What is required ▸
Every line of the data that includes "para" should be copied out.

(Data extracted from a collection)
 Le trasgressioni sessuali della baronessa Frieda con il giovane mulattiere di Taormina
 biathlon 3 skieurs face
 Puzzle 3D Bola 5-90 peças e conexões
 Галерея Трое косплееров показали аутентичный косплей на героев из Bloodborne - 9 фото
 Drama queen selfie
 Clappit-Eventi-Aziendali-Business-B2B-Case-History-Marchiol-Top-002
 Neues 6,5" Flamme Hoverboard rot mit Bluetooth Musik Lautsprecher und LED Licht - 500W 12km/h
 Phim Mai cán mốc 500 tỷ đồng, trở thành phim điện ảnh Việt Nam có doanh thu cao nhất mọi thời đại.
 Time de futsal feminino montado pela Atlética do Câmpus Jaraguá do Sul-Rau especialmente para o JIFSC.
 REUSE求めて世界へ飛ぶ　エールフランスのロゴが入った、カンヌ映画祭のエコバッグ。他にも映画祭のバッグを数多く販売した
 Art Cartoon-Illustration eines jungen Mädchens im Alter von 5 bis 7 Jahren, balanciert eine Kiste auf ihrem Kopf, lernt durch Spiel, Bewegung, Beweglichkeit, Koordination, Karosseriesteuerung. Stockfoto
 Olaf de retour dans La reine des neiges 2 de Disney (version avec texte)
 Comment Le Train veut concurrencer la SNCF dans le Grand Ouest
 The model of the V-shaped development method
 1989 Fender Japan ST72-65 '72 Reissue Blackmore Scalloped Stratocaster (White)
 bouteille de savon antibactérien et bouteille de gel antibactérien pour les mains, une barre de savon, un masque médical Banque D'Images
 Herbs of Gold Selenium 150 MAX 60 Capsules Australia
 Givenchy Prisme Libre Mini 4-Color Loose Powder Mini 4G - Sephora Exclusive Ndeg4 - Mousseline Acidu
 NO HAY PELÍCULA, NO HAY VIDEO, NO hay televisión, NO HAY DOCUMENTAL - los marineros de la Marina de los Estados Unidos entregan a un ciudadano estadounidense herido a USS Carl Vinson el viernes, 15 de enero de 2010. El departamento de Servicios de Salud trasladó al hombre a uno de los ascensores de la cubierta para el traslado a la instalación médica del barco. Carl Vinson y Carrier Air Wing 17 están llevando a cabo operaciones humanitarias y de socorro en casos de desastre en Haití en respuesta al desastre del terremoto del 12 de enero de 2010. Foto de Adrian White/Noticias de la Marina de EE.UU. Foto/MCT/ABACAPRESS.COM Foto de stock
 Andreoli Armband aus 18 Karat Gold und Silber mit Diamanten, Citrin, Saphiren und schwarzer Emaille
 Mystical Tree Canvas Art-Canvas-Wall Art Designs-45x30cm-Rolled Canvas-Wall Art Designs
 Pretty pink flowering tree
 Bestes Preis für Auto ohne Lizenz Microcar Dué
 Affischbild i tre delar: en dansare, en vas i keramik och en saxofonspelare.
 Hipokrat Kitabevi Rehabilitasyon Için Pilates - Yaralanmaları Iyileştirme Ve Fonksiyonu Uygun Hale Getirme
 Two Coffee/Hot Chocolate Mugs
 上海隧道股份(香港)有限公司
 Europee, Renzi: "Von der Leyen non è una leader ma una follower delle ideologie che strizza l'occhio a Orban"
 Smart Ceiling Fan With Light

Solution to this problem ▸
 Time de futsal feminino montado pela Atlética do Câmpus Jaraguá do Sul-Rau especialmente para o JIFSC.
 NO HAY PELÍCULA, NO HAY VIDEO, NO hay televisión, NO HAY DOCUMENTAL - los marineros de la Marina de los Estados Unidos entregan a un ciudadano estadounidense herido a USS Carl Vinson el viernes, 15 de enero de 2010. El departamento de Servicios de Salud trasladó al hombre a uno de los ascensores de la cubierta para el traslado a la instalación médica del barco. Carl Vinson y Carrier Air Wing 17 están llevando a cabo operaciones humanitarias y de socorro en casos de desastre en Haití en respuesta al desastre del terremoto del 12 de enero de 2010. Foto de Adrian White/Noticias de la Marina de EE.UU. Foto/MCT/ABACAPRESS.COM Foto de stock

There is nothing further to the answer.